In his order Tuesday, Pruitt is expected to declare that the Obama-era rule exceeded federal law by setting emissions standards that power plants could not reasonably meet. Appearing at an event with Senate Majority Leader Mitch McConnell, Pruitt said, “The EPA and no federal agency should ever use its authority to say to you we are going to declare war on any sector of our economy.”

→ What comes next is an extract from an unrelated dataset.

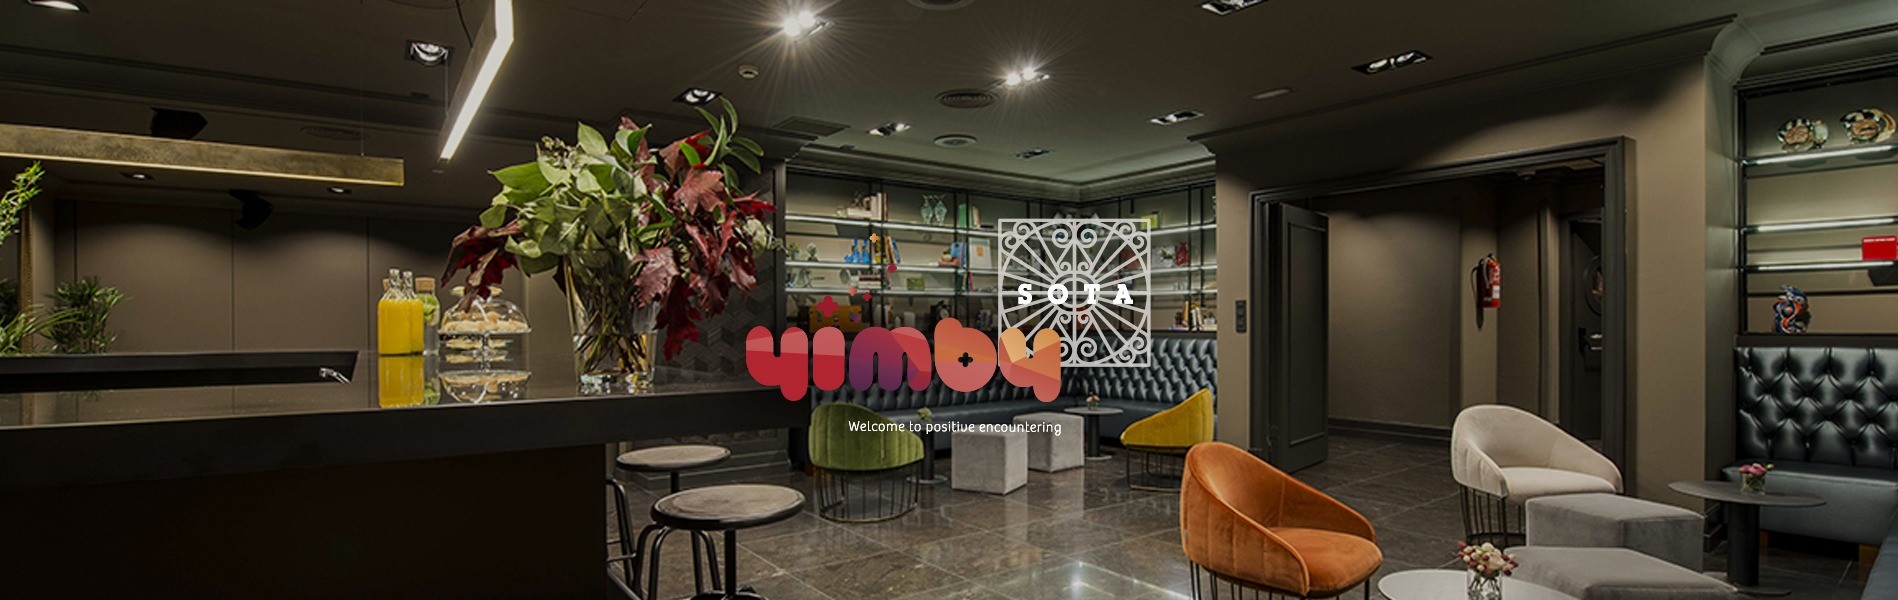 Vista panorámica de sala SMITH en YIMBY SOTA con su logo

Obama’s plan was designed to cut US carbon dioxide emissions to 32% below 2005 levels by 2030. The rule dictated specific emission targets for states based on power-plant emissions and gave officials broad latitude to decide how to achieve reductions. The Supreme Court put the plan on hold last year following legal challenges by industry and coal-friendly states. Even so, the plan helped drive a recent wave of retirements of coal-fired plants, which also are being squeezed by lower costs for natural gas and renewable power, as well as state mandates promoting energy conservation. The withdrawal of the Clean Power Plan is the latest in a series of moves by Trump and Pruitt to dismantle Obama’s legacy on fighting climate change, including the delay or roll back of rules limiting levels of toxic pollution in smokestack emissions and wastewater discharges from coal-burning power plants. The president announced earlier this year that he will pull the United States out of the landmark Paris climate agreement.